On Wed, Apr 30, 2025 at 6:56 PM Michael Paquier <michael@paquier.xyz> wrote:
> I'm actually rather scared of the patch, isn't there a risk of
> breaking existing patterns that worked out of the box by forcing the
> resowner to not be set? My spidey sense tingles when I see such
> patterns, because this is enforcing assumptions directly hidden to the
> callers.
I'm not worried about this particular problem. We use resowner == NULL
in various places to mean "for the lifetime of the backend," which
makes a lot of sense if you think about it: the job of the resowner is
to release resources when the resowner is cleaned up; if you don't
ever want to release the resources, then you don't need a resowner.

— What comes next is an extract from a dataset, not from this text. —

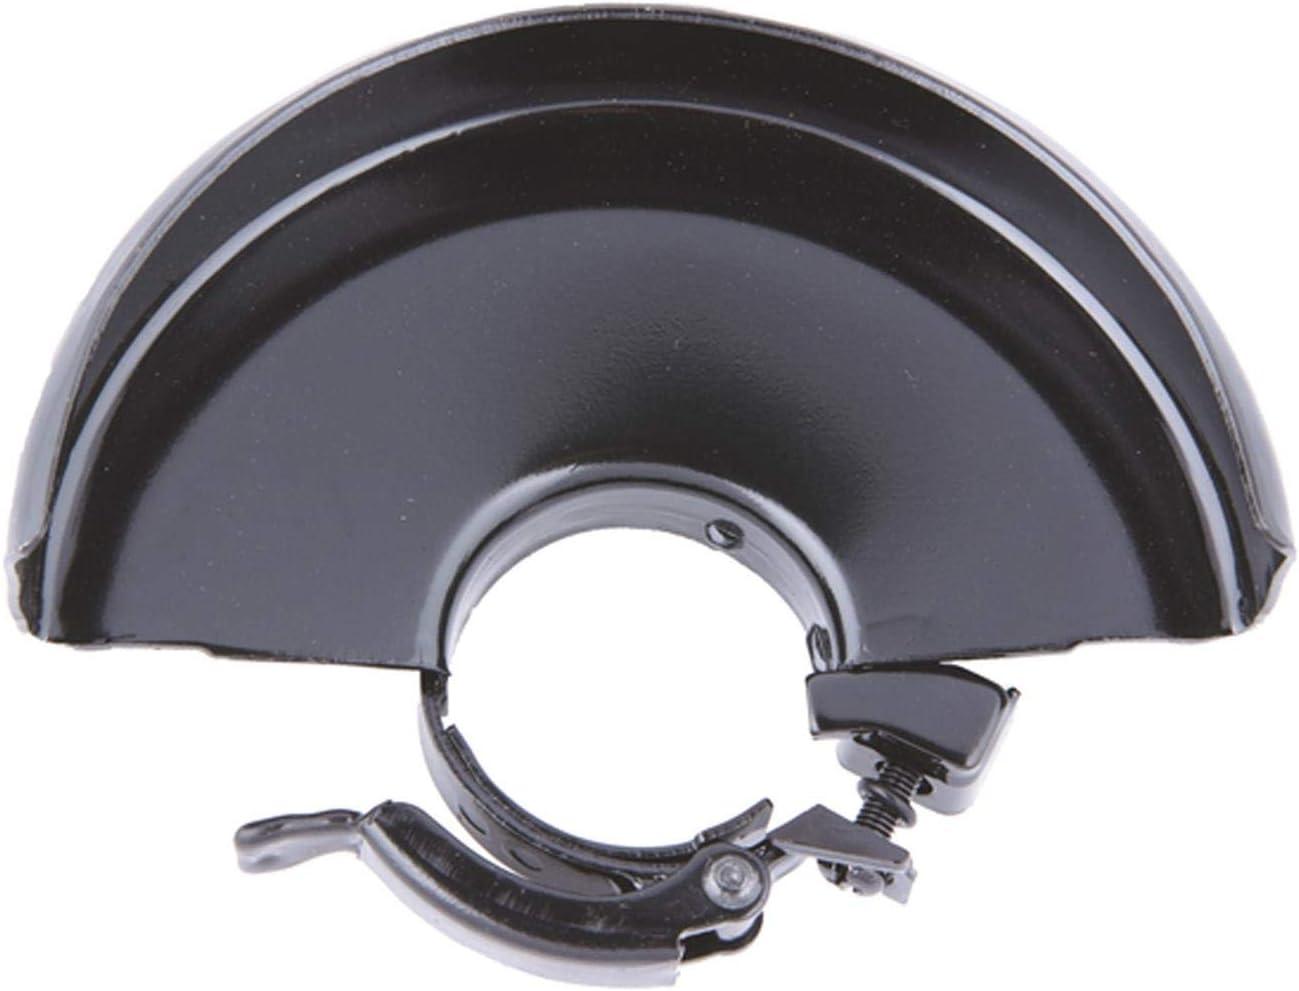 Makita GA5040CF01 Amoladora angular 125 mm, 1400 W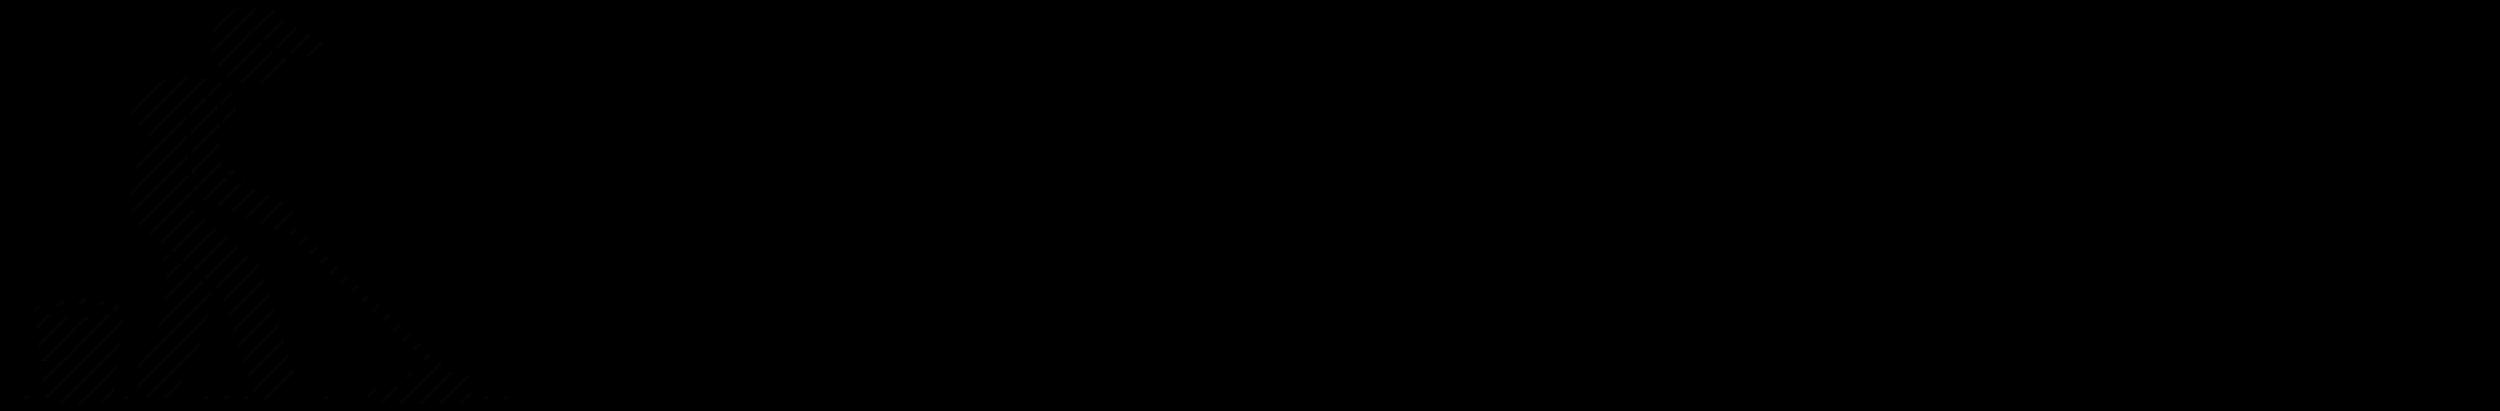 👷🏻✅💦Czyszczenie posadzek Katowice ✅ 👷🏻betonowych, ✅mycie garaży, ✅mycie podłóg, ✅cennik, maszynowe, ✅ doczyszczanie,Śląsk, Katowice, Sosnowiec, Tychy, Mikołów, ✅czyszczenie hal przemysłowych śląsk

What I'm concerned about is that I think that (as I said on the other
thread) is that ProcessGetMemoryContextInterrupt is not really at all
safe to execute at an arbitrary CHECK_FOR_INTERRUPTS(). In other
places where we use resource owners, we don't run into the problem
that happened here because we are careful about the timing of our
resource owner operations. You can see that caution in, for example,
AbortTransaction() and AbortSubTransaction(), where we make sure to
close down higher-level subsystems first, so that when we get to
lower-level cleanup, we know that no more resources are going to be
allocated afterward. But here, we are executing complex operations
that require a "clean" state at pretty much any point in the code,
where we don't actually know that things are sane enough for this code
to execute successfully. This particular error is just a symptom of
that more general problem.
In my mind, the possible fixes here are (1) revert that patch, (2)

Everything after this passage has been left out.